Premièrement, le procès pourrait remodeler la façon dont les chaînes câblées américaines parlent des politiciens. Si l'affaire de Newsom survit à la découverte et passe en procès, Fox devra affronter le même cauchemar probatoire qui l'a écrasé dans l'affaire Dominion : messages internes, décisions motivées par l'audimat, et l'écart entre ce que disent les présentateurs à l'antenne et ce qu'ils disent dans leurs conversations privées. Cela a des répercussions sur les normes médiatiques partout, y compris dans la presse britannique, qui suit de près les décisions américaines en matière de diffamation.
Deuxièmement, Newsom est largement pressenti comme le favori démocrate pour 2028, bien que les chiffres de sondages spécifiques qui circulent méritent une bonne pincée de sel tant qu'on n'en connaît pas la méthodologie. S'il est le prochain candidat démocrate, son approche du combat politique, miroir ou imitation selon les points de vue, sera le modèle sur lequel le parti s'appuiera. Autant le comprendre avant qu'il ne s'étale sur toutes les unes.
Alors, Newsom est-il un Trump allégé ou quelque chose de véritablement nouveau ?
Voici l'analyse honnête. Newsom fait ce que les démocrates ont passé des années à considérer comme indigne d'eux : se battre dans la boue, selon les règles de la boue. Les provocations, les procès, les publications délibérément provocatrices, rien de tout cela n'était un comportement démocrate ordinaire il y a cinq ans.
L'appeler une copie du style de Trump n'est pas injuste. L'appeler identique à Trump, si. La substance est différente : Newsom ne nie pas les résultats électoraux, n'incite pas les foules, n'invente pas de fraude électorale imaginaire. Il poursuit un réseau d'information en utilisant les mêmes normes juridiques accessibles à toute personnalité publique, et publie des choses malicieuses sur X.
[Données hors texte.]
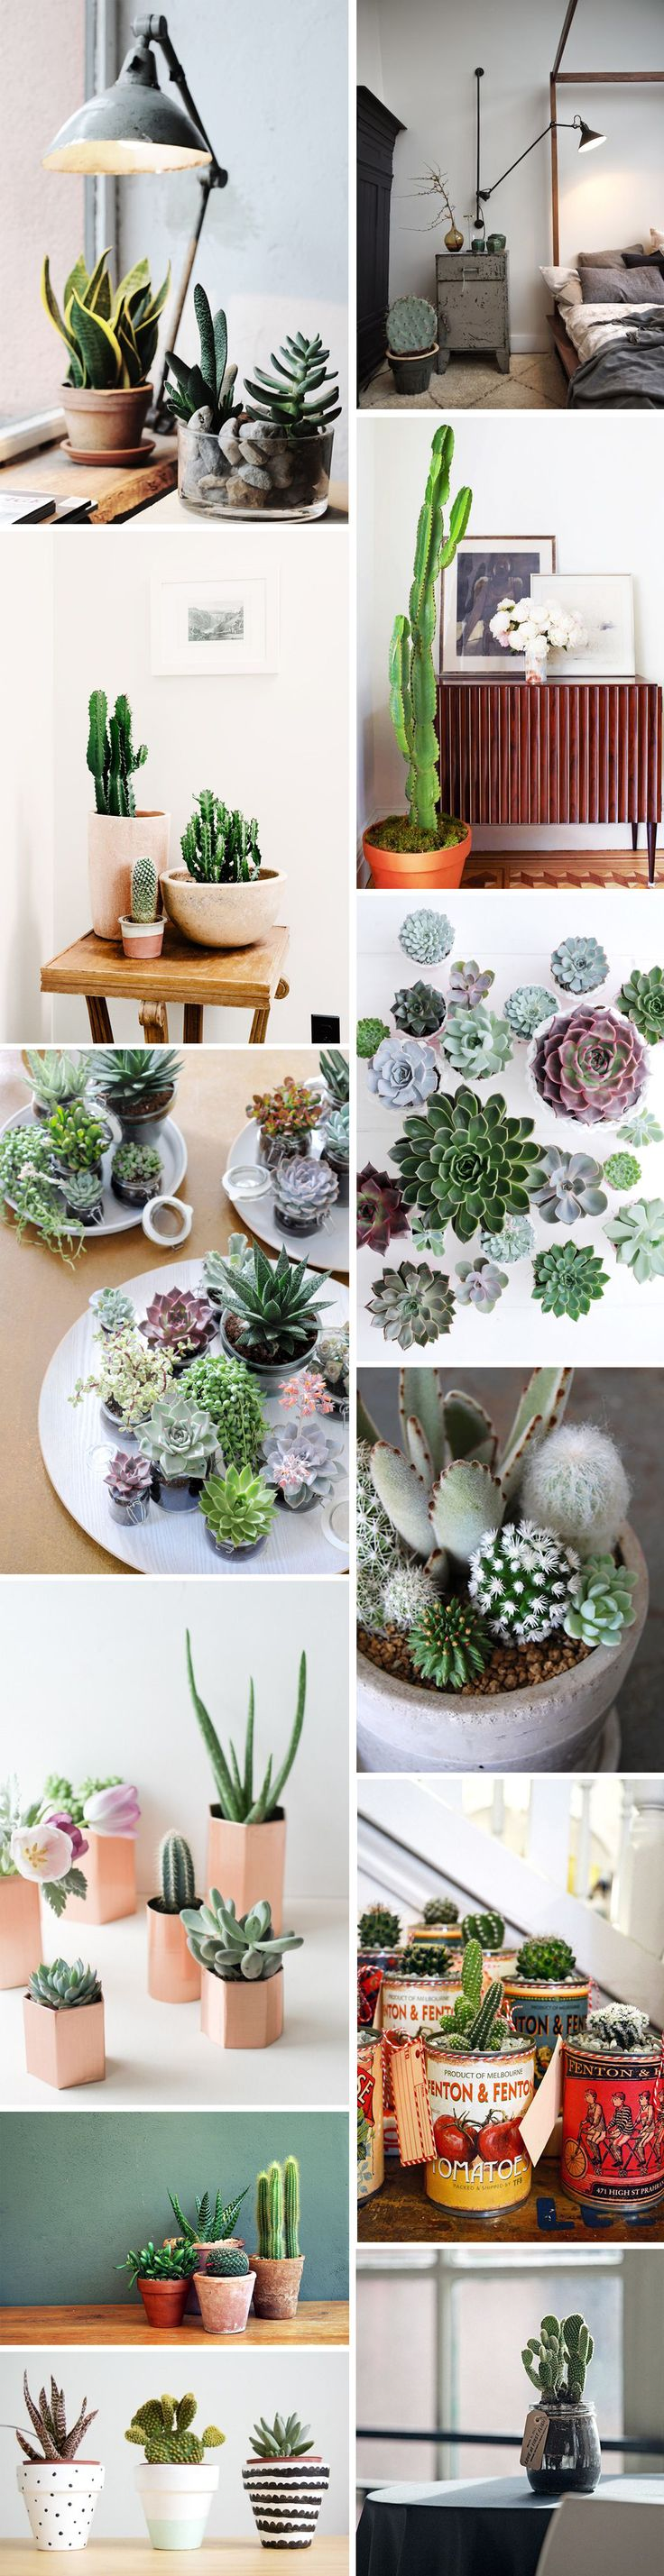 die 25 besten ideen zu kakteen auf pinterest kaktus hauspflanzen und kaktus f r drinnen. Black Bedroom Furniture Sets. Home Design Ideas

Le cadrage de Maher a aplati cette différence au profit d'une interview plus percutante. La métaphore du miroir de Newsom l'a aplatie dans l'autre sens, rendant l'ensemble plus philosophique qu'il ne l'est. La vérité se trouve inconfortablement au milieu : c'est une politique démocrate combative qui a finalement, tardivement, cessé de faire semblant que les anciennes règles s'appliquent encore.
Ce qu'il faut retenir
Newsom vend un livre intitulé Young Man in a Hurry: A Memoir of Discovery, et le titre s'avère involontairement parfait. Il est pressé. Il se dirige vers la découverte, devant les tribunaux et peut-être vers la Maison-Blanche. La vraie question des deux prochaines années est de savoir si les électeurs récompenseront ou puniront cette nouvelle agressivité.
Quoi qu'il en soit, attendez-vous à voir d'autres interviews comme celle-ci. Maher a poussé, Newsom a repoussé, et personne n'a cédé. C'est, en soi, une nouvelle.